Bunuh diri mahasiswa LSR: Mahasiswa melakukan protes di luar UGC menuntut penyelidikan kelembagaan

Bunuh diri mahasiswa LSR: Mahasiswa melakukan protes di luar UGC menuntut penyelidikan kelembagaan

Keluaran Hongkong

NEW DELHI: Mahasiswa dari berbagai universitas di Delhi menggelar protes di luar markas UGC di sini, menuntut penyelidikan institusional atas kematian seorang mahasiswa LSR, yang diduga bunuh diri pekan lalu menyusul kekhawatiran mengejar pendidikan mengingat kondisi keuangan keluarganya yang buruk. .

“Kelalaian pencairan beasiswa, ketidaktahuan administrasi dan sistem pendidikan online yang tidak adil telah merenggut banyak nyawa dengan cara yang berbeda di tengah pandemi, merusak masa depan ribuan siswa seperti Aishwarya,” salah satu siswa yang memprotes. kata.

Seruan protes diberikan oleh Asosiasi Mahasiswa India (AISA) yang didukung oleh Kiri.

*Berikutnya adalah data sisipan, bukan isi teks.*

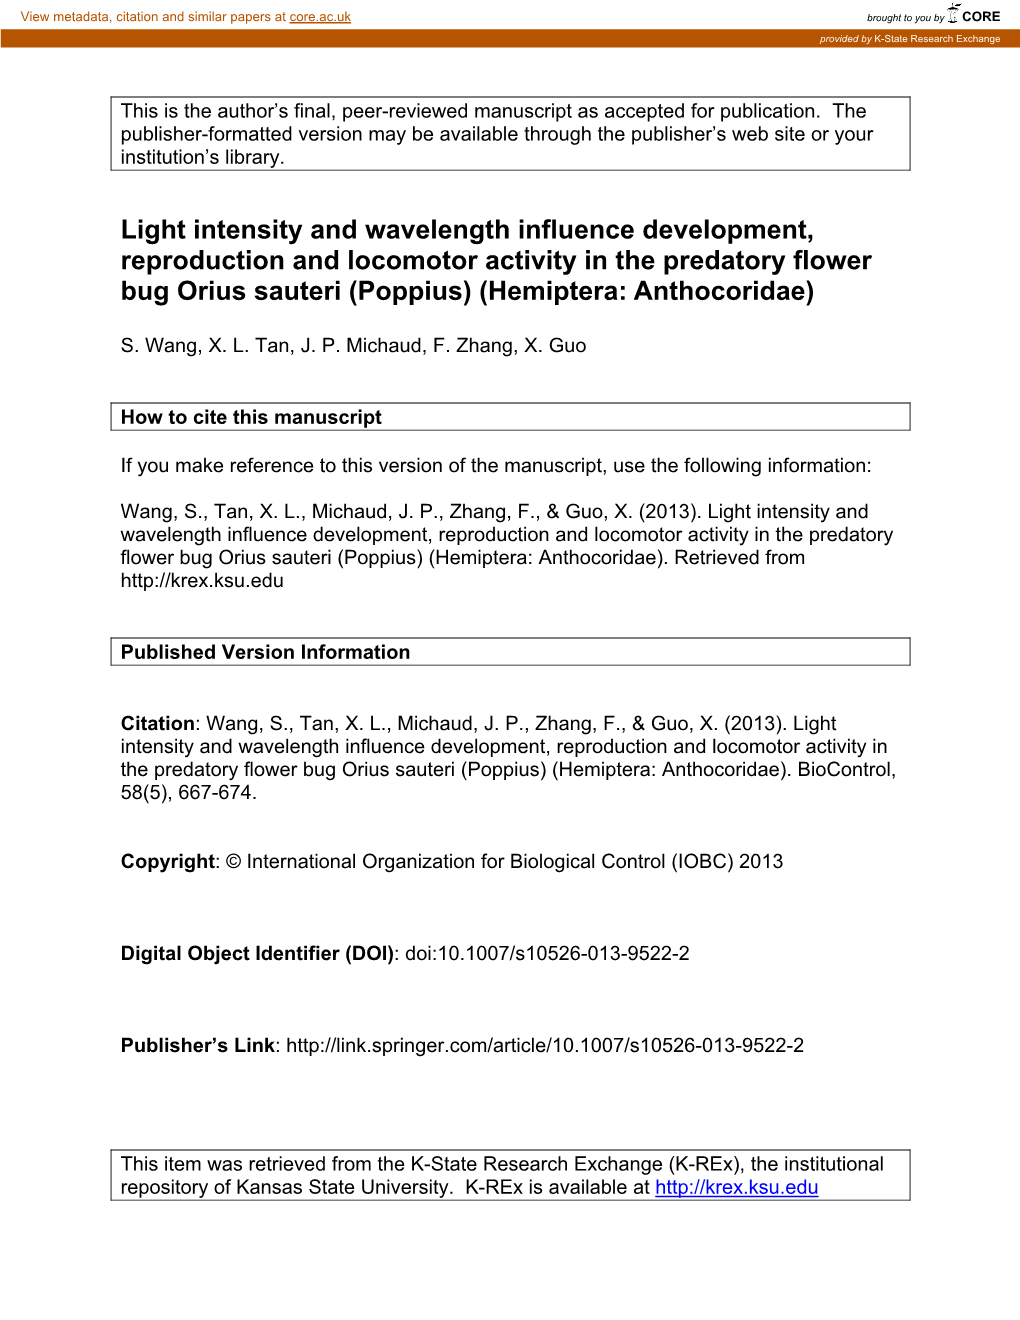 Light Intensity and Wavelength Influence Development

Aishwarya, seorang mahasiswa Lady Sri Ram (LSR) College for Women dan seorang calon IAS, ditemukan tergantung di rumahnya di Shadnagar di distrik Ranga Reddy di Telangana pada 2 November. Dalam catatan bunuh diri yang konon ditulis olehnya, 19 tahun- Wanita tua mengatakan dia tidak ingin membebani orang tuanya dengan biaya pendidikan, menurut petugas polisi.

Mahasiswa tahun kedua Matematika BSc (Honours) itu telah kembali ke rumah dari Delhi pada bulan Maret, setelah mereka yang tinggal di asrama diminta untuk pulang oleh otoritas perguruan tinggi sehubungan dengan pandemi COVID-19.

“Kesenjangan digital, karena kesenjangan kelas-kasta-gender di masyarakat semakin melebar dan mengakibatkan ketidaksetaraan yang akan tercermin setelah pandemi hilang. Kami menuntut dibentuknya penyelidikan independen terhadap pembunuhan institusional siswa LSR .

“Kami ingin pencairan semua beasiswa yang tertunda, termasuk JRF dan SRF, dan strategis pembukaan kembali kampus, asrama dan fasilitas universitas lainnya,” kata piagam tuntutan yang diajukan oleh mahasiswa yang melakukan protes.

“Penyediaan internet dibuat untuk mereka yang membutuhkan dan pemerintah harus bertanggung jawab atas tagihannya. Pelajar di tengah pandemi telah menjadi salah satu komunitas yang paling terpukul. Dari kekurangan sumber daya hingga kurangnya ketahanan di pihak pemerintah, pendidikan orang-orang termiskin di India sangat menderita, “tambahnya.